DAX4 Black Diamond, catalogs included
'''
------- Catalogs -------
Pegasus.DAX4.SiteCatalog
- add_site(name)
- get_site(name)
- has_site(name)
- write_catalog(path)
...

Pegasus.DAX4.ReplicaCatalog
- add_replica(lfn, iri, site, regex=false)
- get_replica(lfn)
- has_replica(lfn)
- remove_replica(lfn)
- write_catalog(path)
...

Pegasus.DAX4.TransformationCatalog
- add_transformation(namespace, name, version, os, arch, ...)
- get_transformation(namespace, name, version, os, arch, ...)
- has_transformation(namespace, name, version, os, arch, ...)
- remove_transformation(namespace, name, version, os, arch, ...)
- write_catalog(path)
...

------- Workflow -------
Pegasus.DAX4.Workflow <------ requires only 'pegasus' (version), 'name', and 'jobs' (jobs and parent-child dependencies)
- add_job(transformation, *args)
- add_dependency(parent, *children)
- add_site_catalog(sc)            # add inline OR iri if string is given
- add_replica_catalog(rc)         # add inline
- add_transformation_catalog(tc)  # add inline
...

'''


#!/usr/bin/env python

from Pegasus.DAX4 import *

# Create a DAX
diamond = Workflow("diamond")

# Add some metadata
diamond.add_metadata("name", "diamond")\
    .add_metadata("createdby", "Gideon Juve")

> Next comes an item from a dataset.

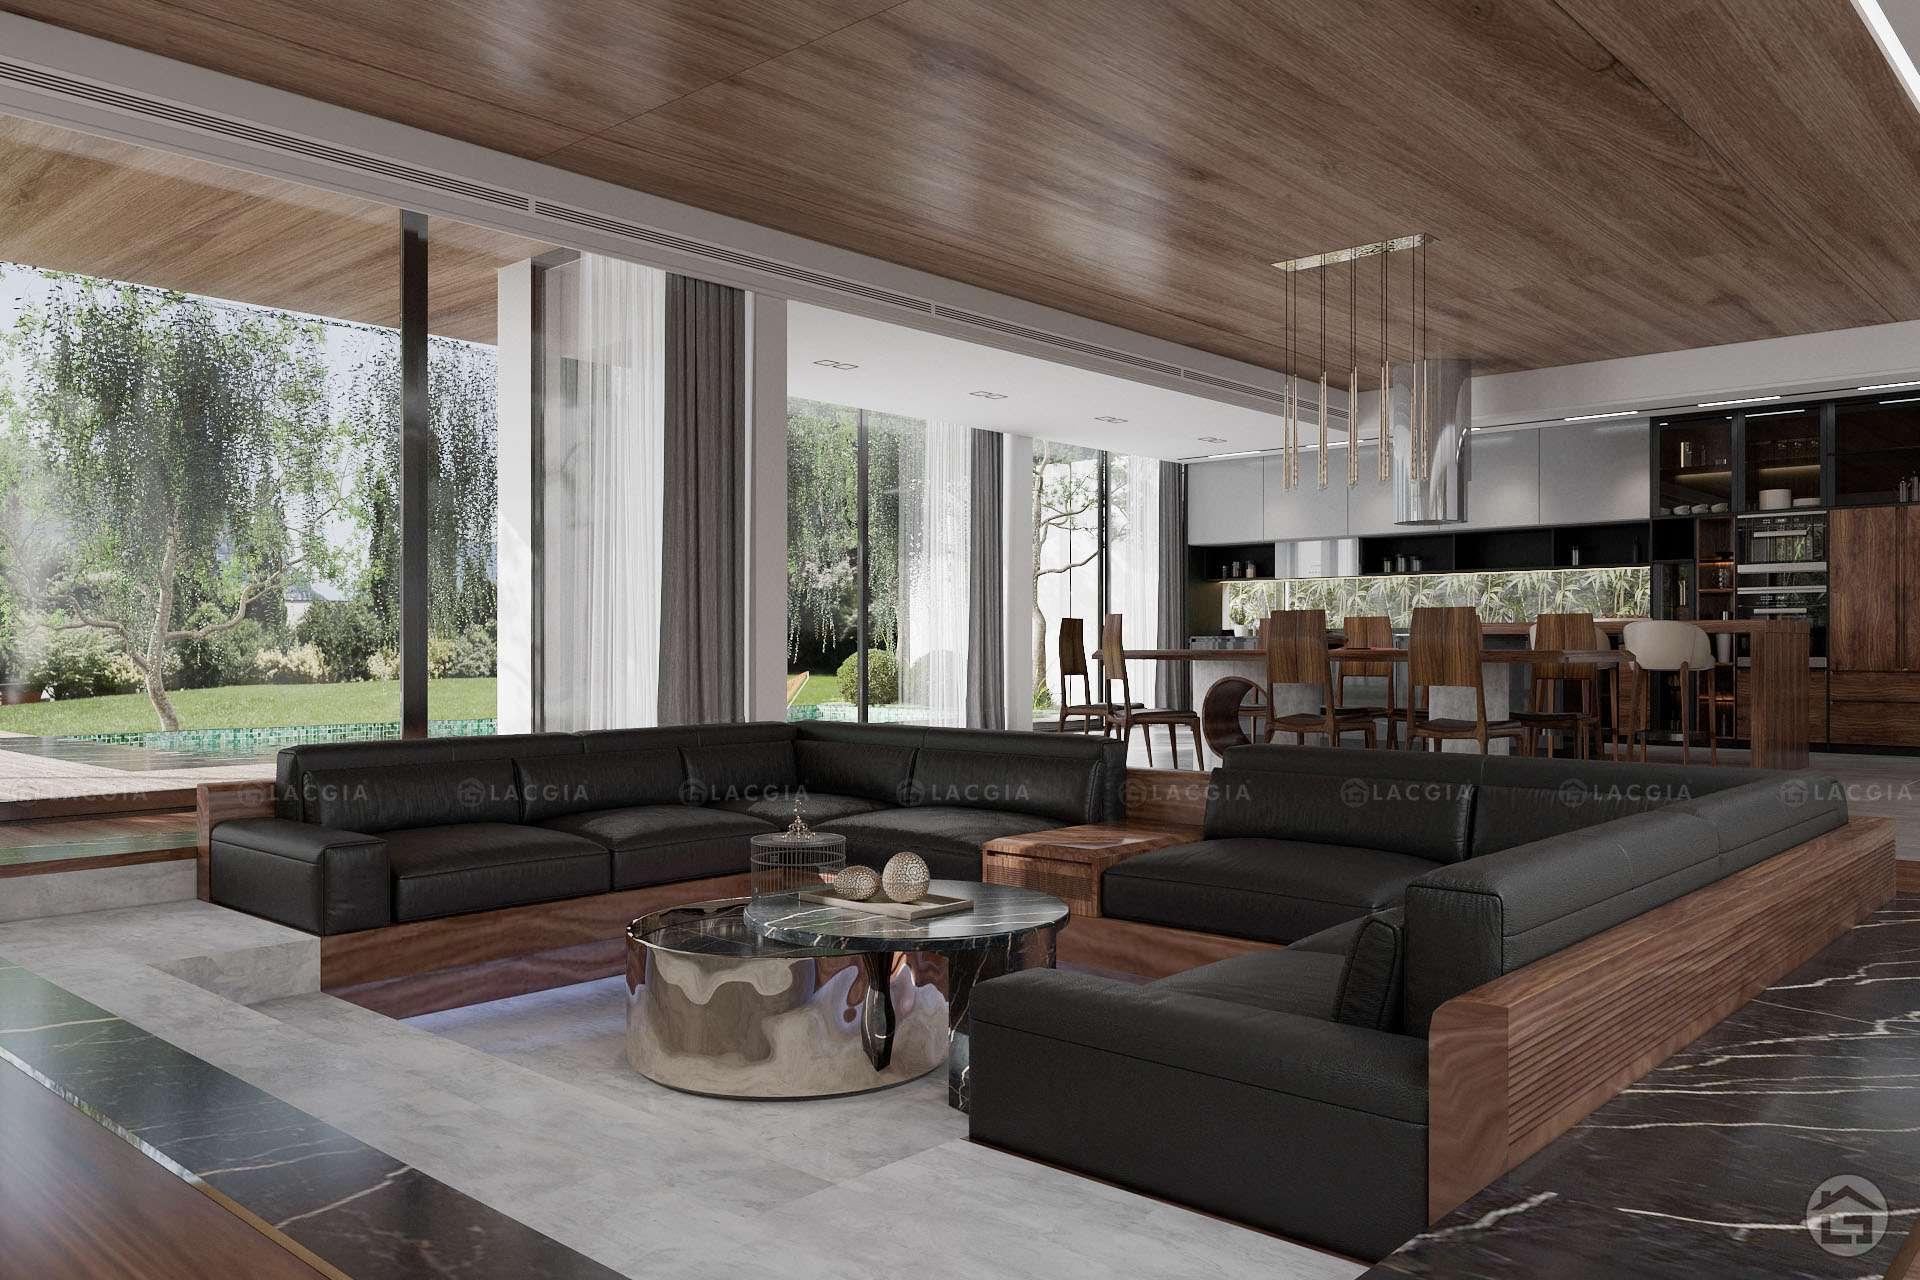 Nội Thất Lạc Gia chuyên thiết kế và thi công nội thất chung cư, biệt thự, khách sạn

# Add input file to the replica_catalog
rc = ReplicaCatalog()
a = rc.add_file("f.a", "gsiftp://site.com/inputs/f.a", "site", regex=False)\
        .add_metadata("size", "1024")

# Add executables to the transformation catalog
tc = TransformationCatalog()
e_preprocess = tc.add_transformation(namespace="diamond", name="preprocess", version="4.0", os="linux", arch="x86_64")\
                .add_metadata("size", "2048")\
                .add_site(site="site", uri="gsiftp://site.com/bin/preprocess", type="installed")

e_findrange = tc.add_transformation(namespace="diamond", name="findrange", version="4.0", os="linux", arch="x86_64")\
                .add_site(site="site", uri="gsiftp://site.com/bin/findrange", type="installed")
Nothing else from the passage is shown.